Я тоже отставил свою тарелку и обнял Олесю, одновременно пытаясь целоваться и прожевать еду. Черт с ним, с обедом! У меня секса больше недели не было, пока моя девушка находилась в больнице. А ведь я молодой еще мужик!
Я навалился на нее, и она ласково завозмущалась, шлепая меня ладонями по плечам:
– Осторожней!.. Сережка. Ну, что ты, как медведь голодный!..
– засмеялась она у моих губ мелодичным смехом и тихо простонала, когда я принялся покрывать поцелуями ее обнаженную шею.
– Ммм... Тише, нога... не задень...
– Я аккуратно...
– прошептал я, ища ее губы и пытаясь найти для нас положение поудобнее...
И едва не свалился с дивана, когда Олеся завизжала с неподдельным ужасом, отпрянув от меня.
– Че орешь?!
Она не ответила, глядя куда-то позади меня. Я обернулся.
– Дашка!
Она стояла у входа в комнату и молча глазела.

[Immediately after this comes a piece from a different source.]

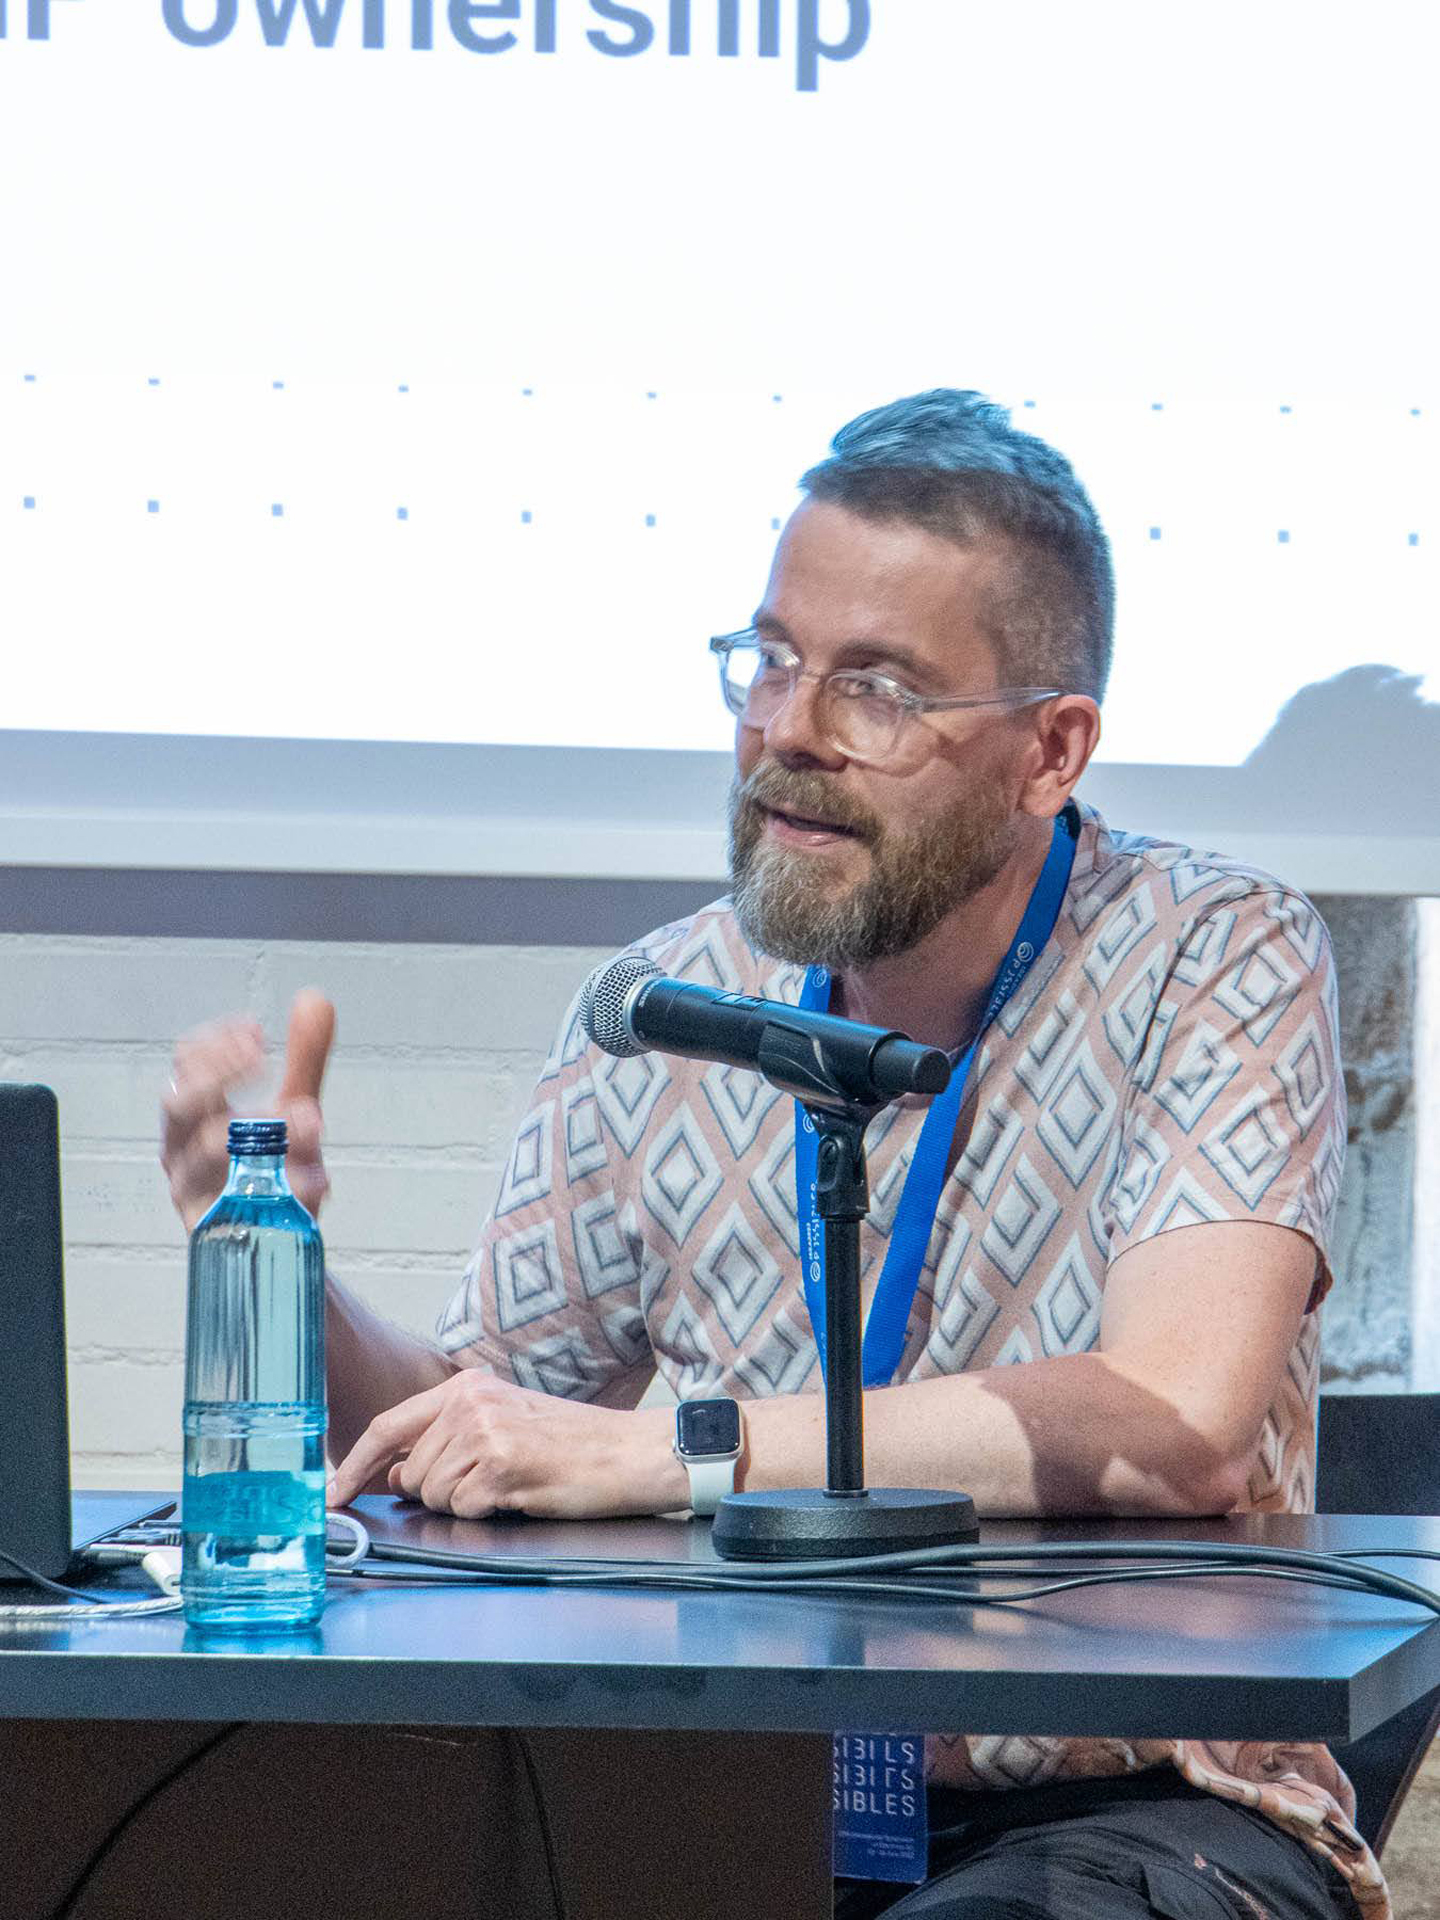 ©ISEA2022: 27th International Symposium on Electronic Art, Aki Järvinen, Restoring the Recent Past: Learnings from producing a retrospective of VR content from the UK

Я чертыхнулся. Впервые за долгие месяцы я пожалел, что дал ей ключ.
Но тут же вспомнил, что - а ведь правда!
– выбросил девчонку из головы на несколько дней. Увидел ее бледное личико и... тут же у меня в груди похолодело от волнения: что случилось? Я подскочил к ней:
– Дашка, что? Как у тебя? Мать ходила в школу?
– стал забрасывать ее вопросами, теряясь в догадках о причине ее бледности: домашние баталии или то, что она застала сейчас...
– хорошо, хоть в самом начале!
Она вдруг горько кивнула, словно отмерла, посмотрела на Олесю долгим взглядом и с усилием заплакала - вроде бы и горько, но как-то нарочито.
– Э! Э! ребенок! Ну, успокаивайся, - я начал неуклюже утешать ее.
– Давай, рассказывай.
Даша принялась утирать кулаком слезы и сопли, поглядывая искоса на Олесю, которая комкала пальцами край пледа, прижав руки к груди. Понятно, не хочет при посторонних изливать душу.
– Так, проходи, - я усадил девчонку на край дивана.- Оставайся. Сейчас поешь, успокоишься. Расскажешь, когда созреешь.
– Распорядился я, проигнорировав протестующе выпученные Олеськины глаза.
Я окинул Дашу взглядом:
– Опять отощала. Ты что, не заходила сюда все эти дни? Я же говорил, чтоб прибегала и ела, что хочешь, - полон холодильник!
– Тебя все время не было...
– Ох, горе ты луковое!
– всплеснул я руками точь-в-точь, как делала моя мама в детстве.
– Это-то тут при чем?
– Ну... неудобно... и одна как-то...
– Дашка, Дашка, - покачал я головой.
– Ну что мне с тобой делать? Я занят был. Ты что, всегда, когда я занят, будешь мне голодовку объявлять?